Create a culture of security: simple architecture, design workshops, threat modeling, thinking about what someone with attacker mindset would do, value experience (coming defense source) AND involve newbies (they will try again what didn't work in the past, and sometime it works)


XDR perhaps? Less ambitious than ASN1. Used by many systems.

https://en.wikipedia.org/wiki/External_Data_Representation


Generally speaking, from a security standpoint, simpler is better. It of course depends on your requirements, but if you just need a structured data exchange format, JSON is an obvious choice. But again, it depends on what your requirements are.


Ugh, no. JSON is garbage, especially from a security standpoint. For security purposes you want an unambiguous format with a well-defined canonical representation that's easy to parse. Not only is JSON none of these things, many people labor under the mistaken assumption that it's saner than it really is and even quite experienced people get bitten in the ass by that: https://github.com/endojs/endo/issues/115

Quoting http://seriot.ch/projects/parsing_json.html:

In conclusion, JSON is not a data format you can rely on blindly. I've demonstrated this by showing that the standard definition is spread out over at least seven different documents (section 1), that the latest and most complete document, RFC-8259, is imprecise and contradictory (section 2), and by crafting test files that out of over 30 parsers, no two parsers parsed the same set of documents the same way (section 4).
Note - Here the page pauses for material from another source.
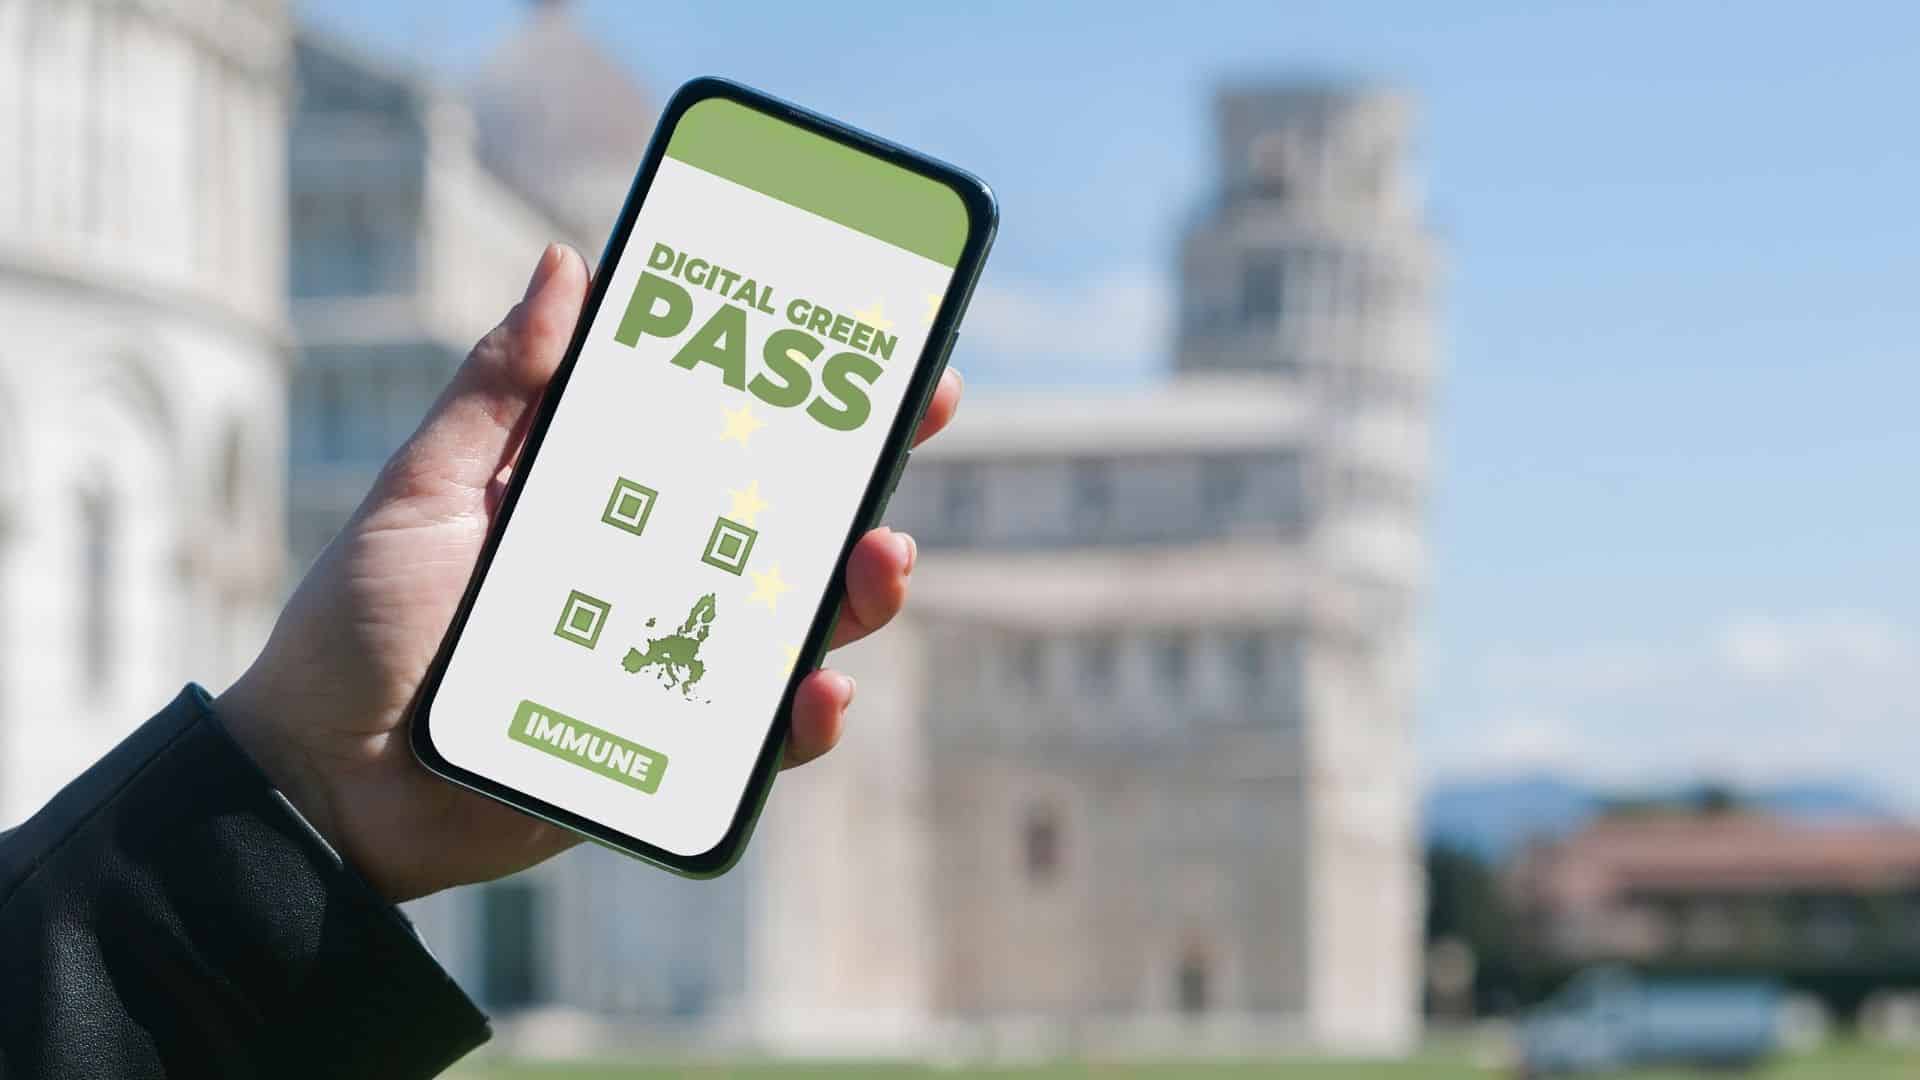 Verrà richiesto il “green pass” per viaggiare in terno o in aereo o per accedere a determinati locali o posti di lavoro

Here's an example of an actually simple format where it's easy to define a canonical representation: https://en.wikipedia.org/wiki/Canonical_S-expressions; it was used for SPKI (https://theworld.com/~cme/html/spki.html) which sadly never went anywhere but is much more pleasant than the ASN.1/X.509/JWT etc mess that actually won.


> Not only is JSON none of these things, many people labor under the mistaken assumption that it's saner than it really is and even quite experienced people get bitten in the ass by that: https://github.com/endojs/endo/issues/115

That link is not an issue with json, but with javascript (that js treats keys named __prototype__ special). Its one of the most famous js security bugs, and also applies to xml and whatever else if you dont implement the parser carefully.


> That link is not an issue with json, but with javascript (that js treats keys named __prototype__ special).

JSON is meant to be (and was widely advertised as) a Javascript subset, but isn't, but almost no one is aware of this. So of course it's also an issue with JSON. It's also not the only divergence that leads to security problems, in fact if you follow the first link in the comment you will see that this was posted in the context of trying to fix another misspecification in an attempt to actually make JSON a proper subset (which turned out to be impossible to completely accomplish, although at least the paragraph separator issue has been fixed in 2019). See here:

https://v8.dev/features/subsume-json


JSON is very widely used, so if it’s properties were bad for security, we should expect different JSON-based attacks popping up every week, right? How often do we see these kinds of attacks?


It's not hard to find quite recent json parsing vulnerabilities, e.g.

https://www.trustwave.com/en-us/resources/blogs/spiderlabs-b...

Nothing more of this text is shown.